Fully lit by the setting sun, the old windmill stood by the ruins of the city ramparts at the end of the square.  As if welcoming the sun’s demise with open arms.  (Ch. 18)

My favorite troll description:

… the mountain trolls who could not face the sun without sneezing, the shadow beings that only really came alive as twilight descended and they could sit on their little hillock playing their fiddle or dainty little glockenspiel.  (Ch. 20)

Were you expecting the troll to have a glockenspiel?  Oh you were.  Fine.  Were you expecting the glockenspiel to be dainty?

Pontoppidan often seemed to be on the edge on turning Lykke-Per into a black comic novel.  It never happens.  He means it, whatever “it” is.  Too bad.

Thanks to Dorian Stuber and everyone else reading along.  I have to get the book back to the library, so I am way ahead of most readalongists, who are all, I believe reading Lebowitz.  Please fill me in on the Nietzsche-Kierkegaard synthesis, which I did not really understand.  Frederic Jameson’s 2011 piece on Lykke-Per is the best thing I have read on the novel, for what that is worth.  Good luck.

7 comments:

  1. Now I want to know what the original verb was. Sank vs. snapped, indeed! CAN you sink your teeth into a raw radish?

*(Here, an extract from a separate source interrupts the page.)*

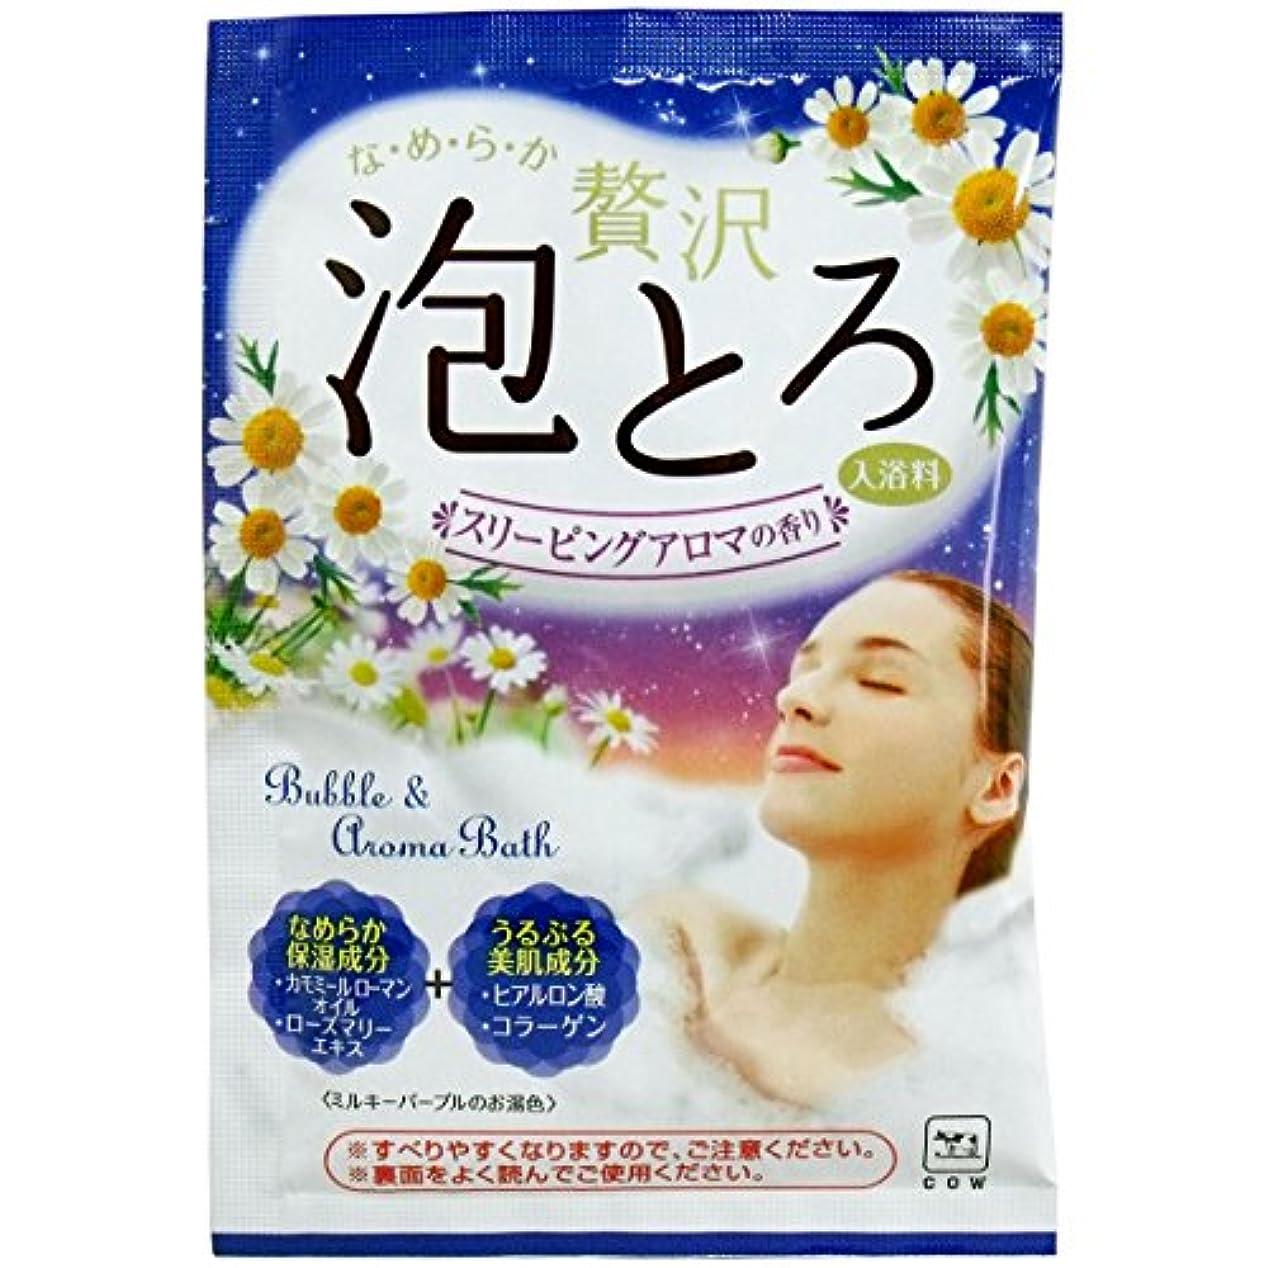 債権者トースト社交的贅沢泡とろ 入浴料 スリーピングアロマの香り 30g 【4点セット】

    Now I want one of those daikons my mom grows.

    ReplyDelete
  2. "saette"

    "... og satte sine skinnende hvide Tænder i den."

    The text.

    ReplyDelete
  3. Ah, OK, that's a very general verb that means set or seat, I would have said 'she set her shining white teeth into it.' That would be very literal. But then I am not a professional translator of Danish, nor even especially competent in the language any more.

    Thanks for the link!

    ReplyDelete
  4. Pontoppidan does describe minor characters as part of scenes, but rather provides an entire “portrait” upon introduction.

    Something wrong there. Is there a missing "not"?

    ReplyDelete
  5. Yes, only the most important word is omitted. Now it is there. Thanks!

    Some of the character details are quite good - novelistic - but they often are mentioned immediately and that's it.

    ReplyDelete
  6. Not a book I'll be reading soon, I think but as always I enjoy reading your reading experience.

    Very different translations, indeed.

    PS: Each time I see the spelling of clichéd or sautéd, it surprises me with its double dose of "participe passé". :-)

    ReplyDelete
  7. Oh yes, "clichéd" is pretty silly in English, although many people omit the "d," which is also odd. But we need the word! Boy do we need it.